══ Collected material
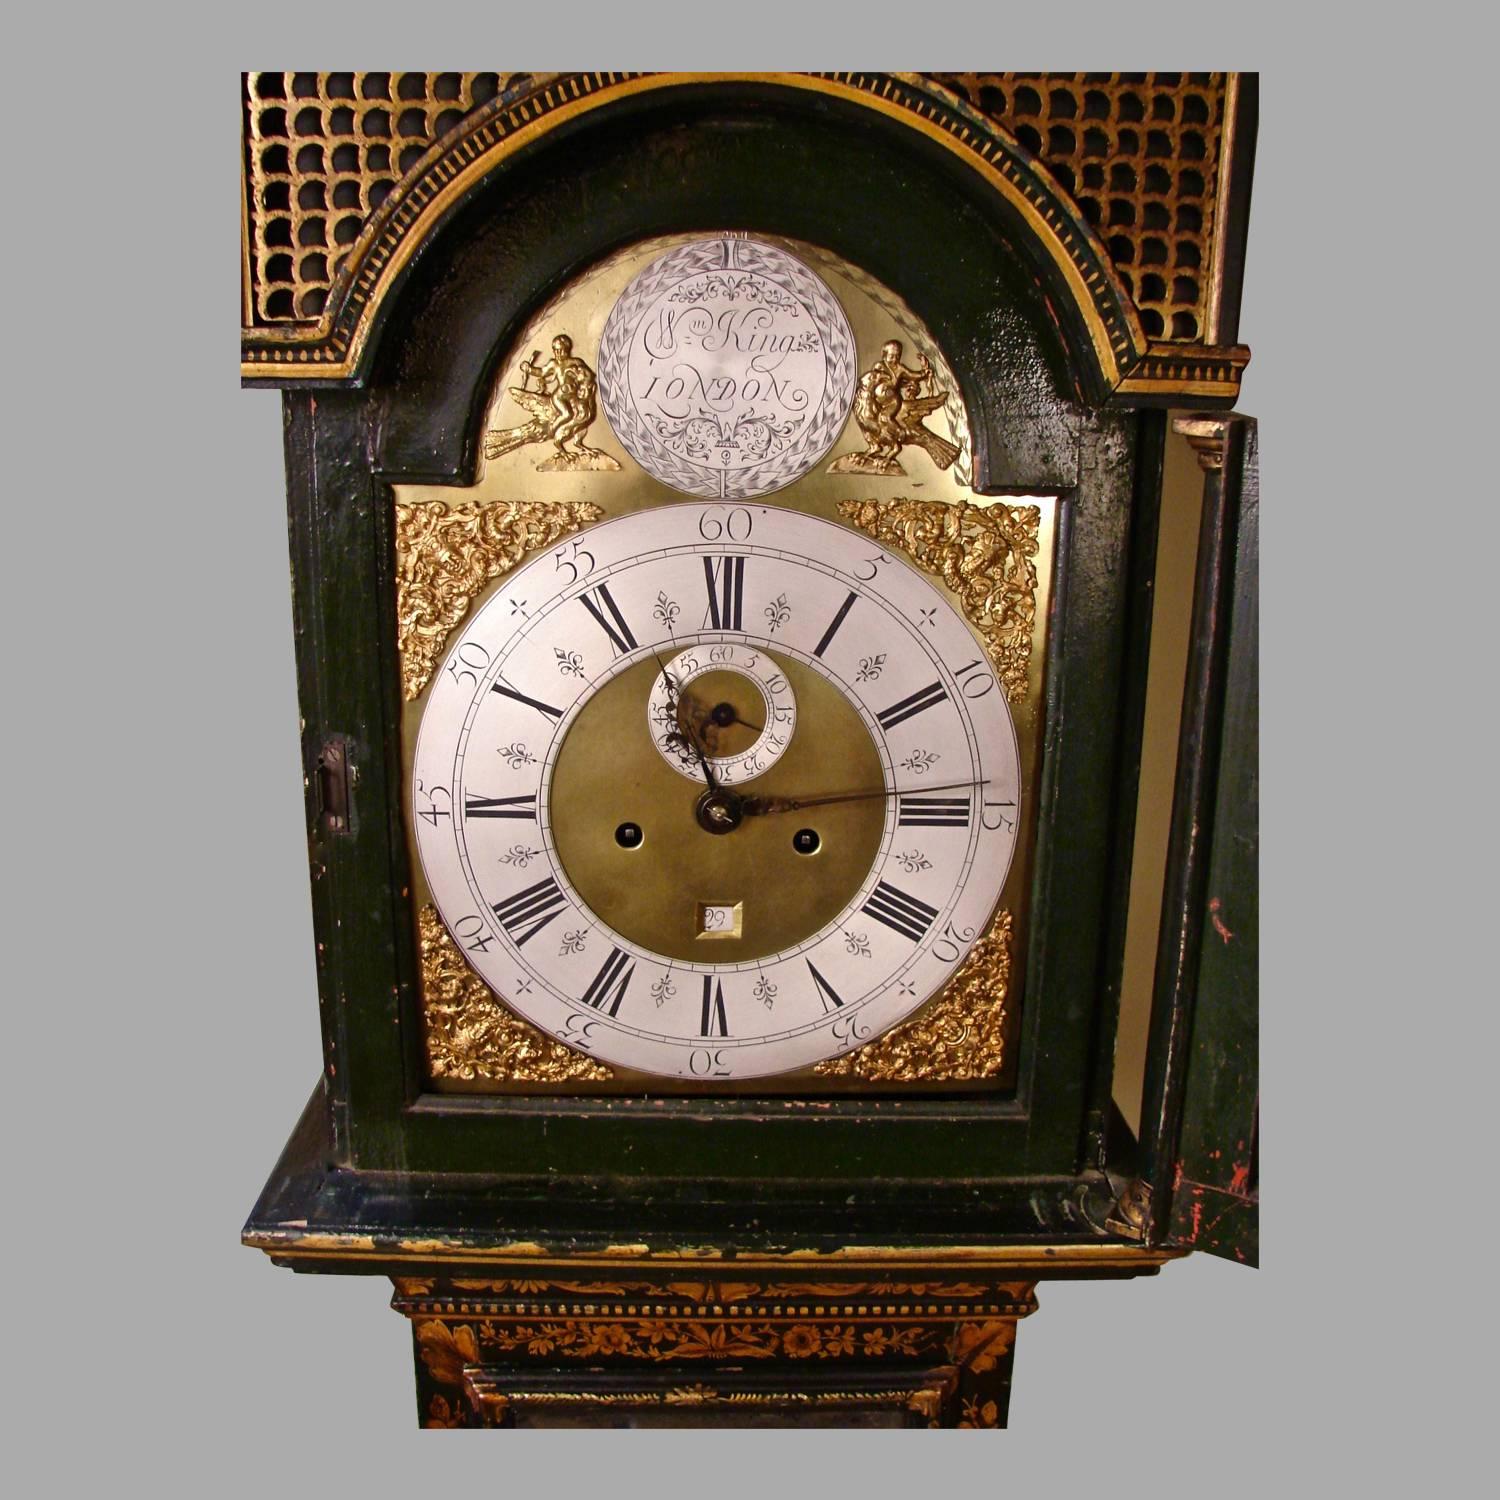 Early 18th Century Fine George I Green Japanned Tall Case Clock with Mirrored Door by William King
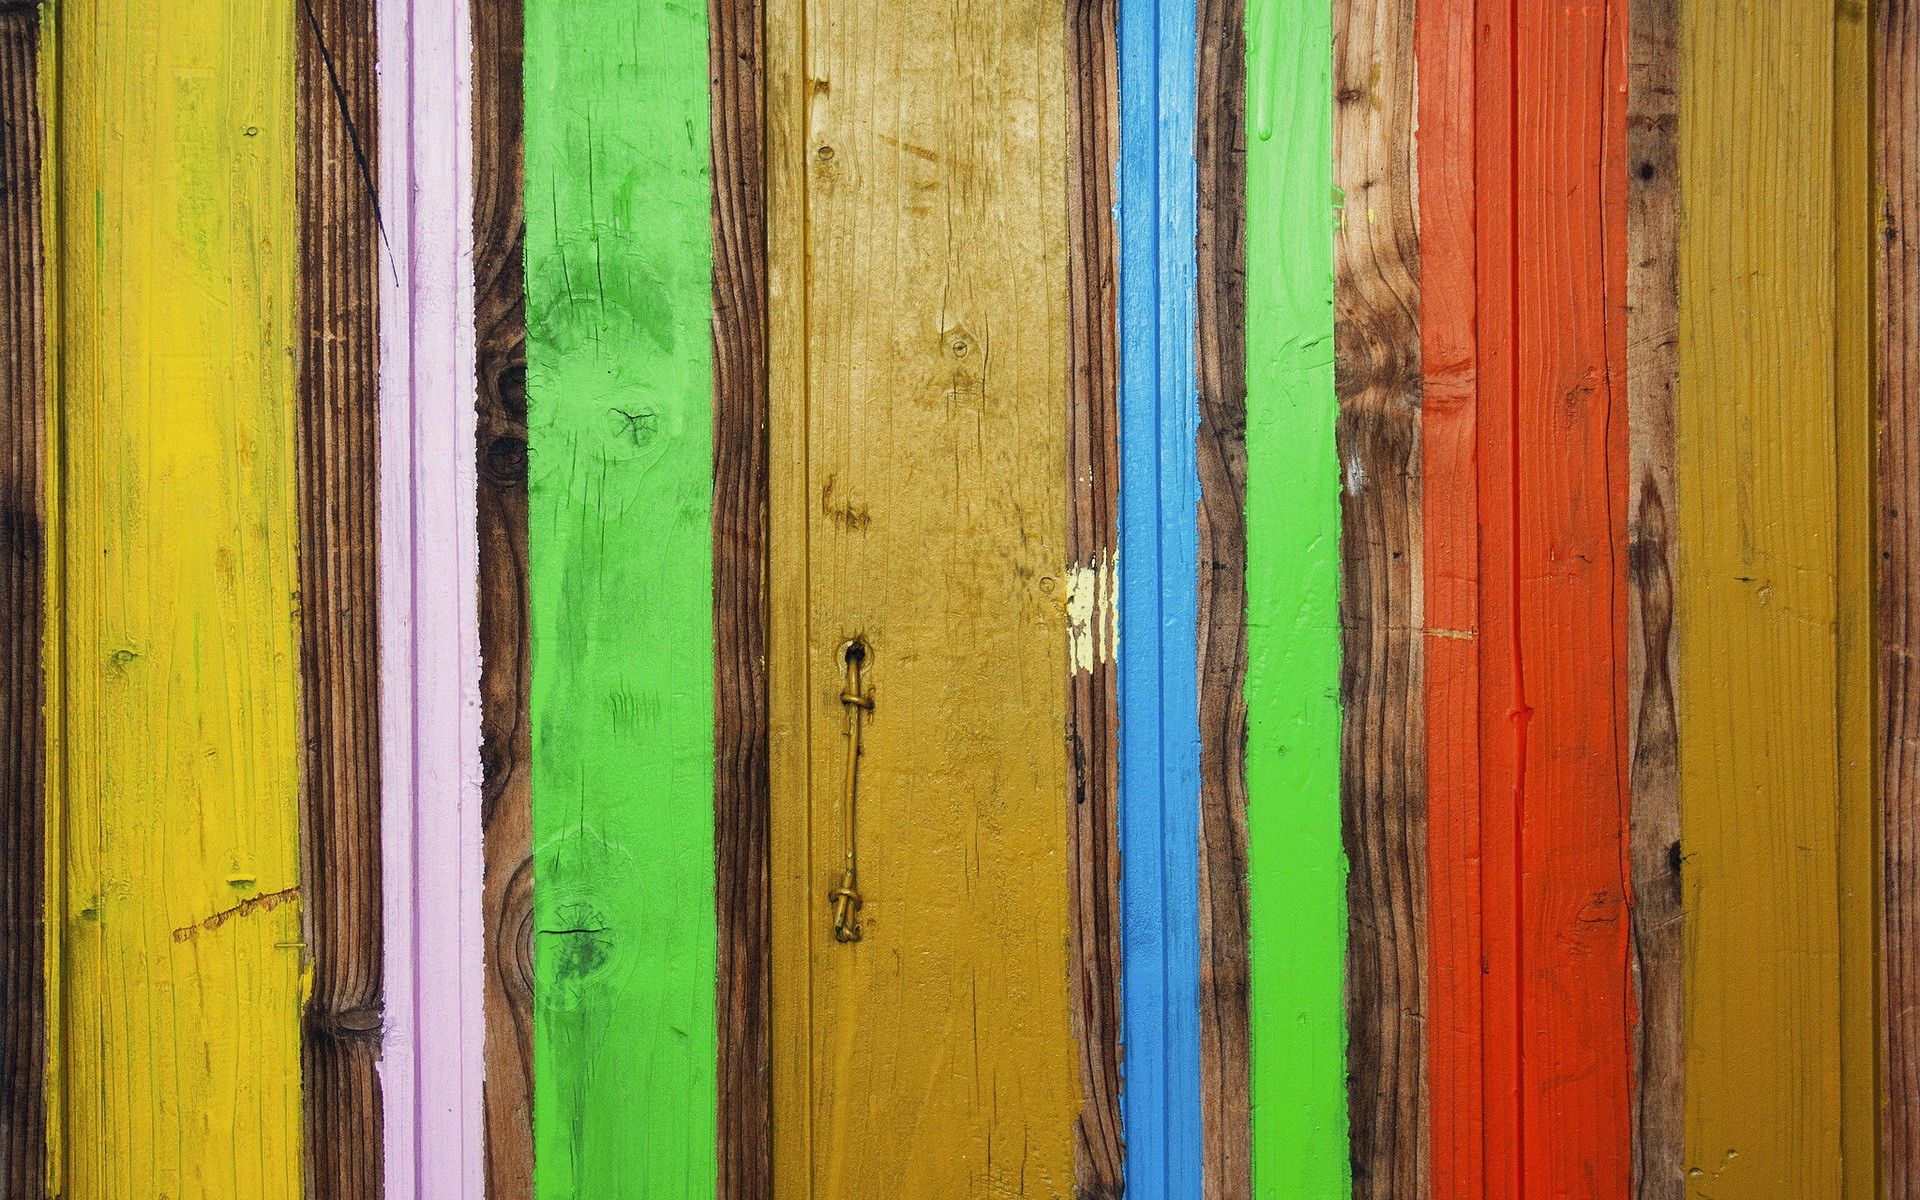 multicolored, wood, wooden, motley, texture, textures, planks, board
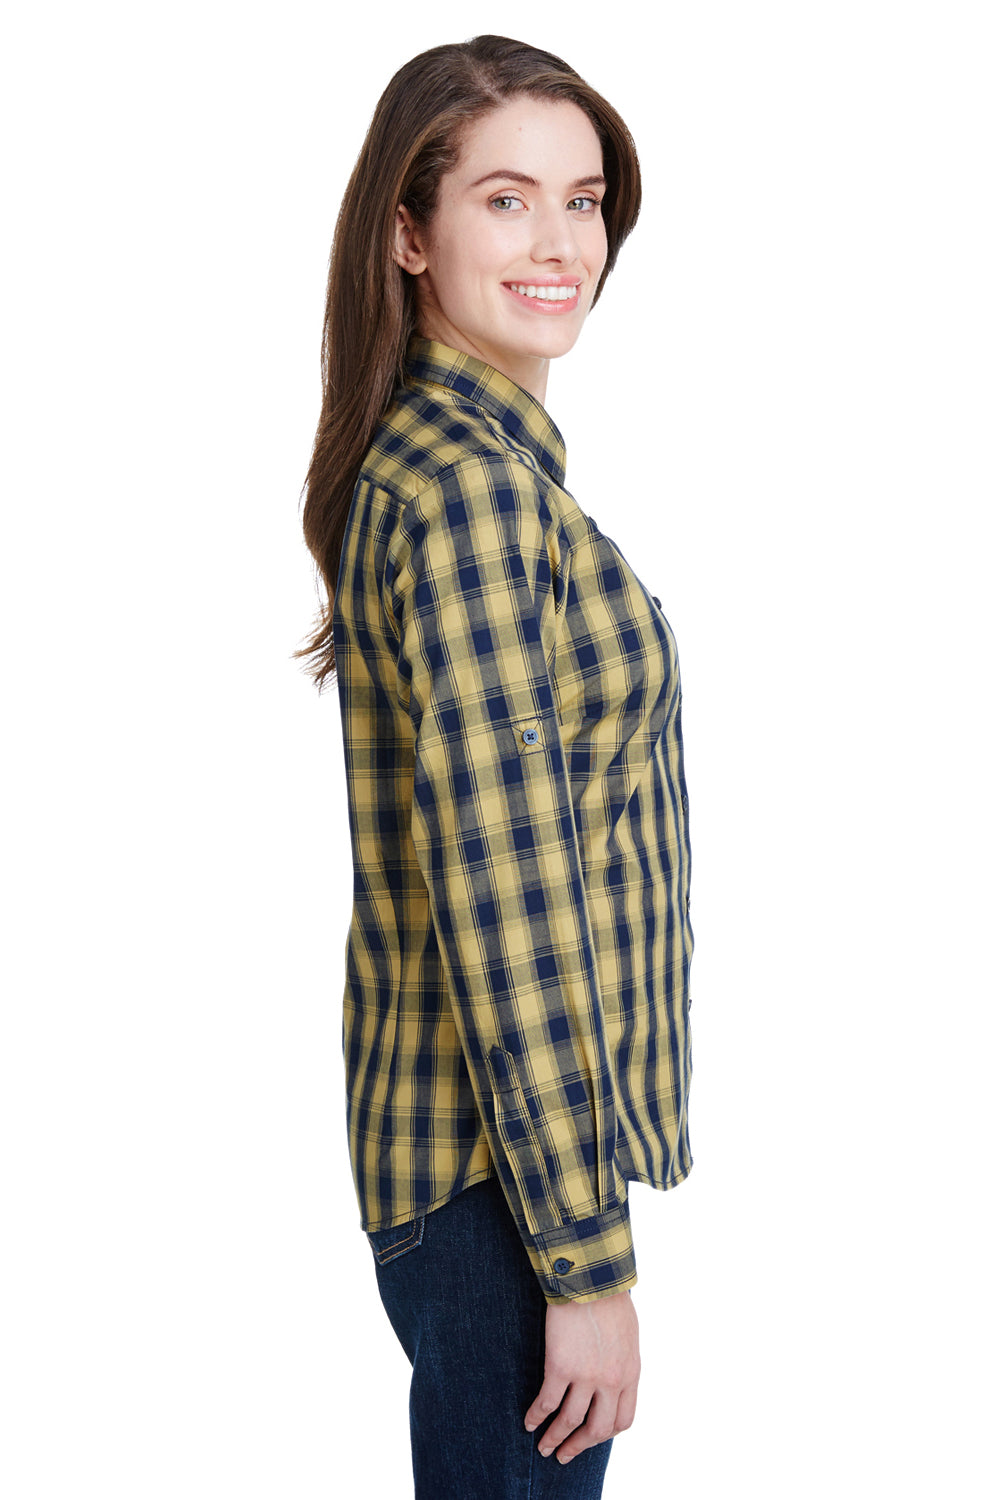 Artisan Collection RP350 Womens Mulligan Check Long Sleeve Button Down Shirt Camel Brown/Navy Blue Model Side
════
- **Aim of the task**
Give all of the material again, exactly, apart from the pictures.

- **Output of the task**
 Early 18th Century Fine George I Green Japanned Tall Case Clock with Mirrored Door by William King
 multicolored, wood, wooden, motley, texture, textures, planks, board
 Artisan Collection RP350 Womens Mulligan Check Long Sleeve Button Down Shirt Camel Brown/Navy Blue Model Side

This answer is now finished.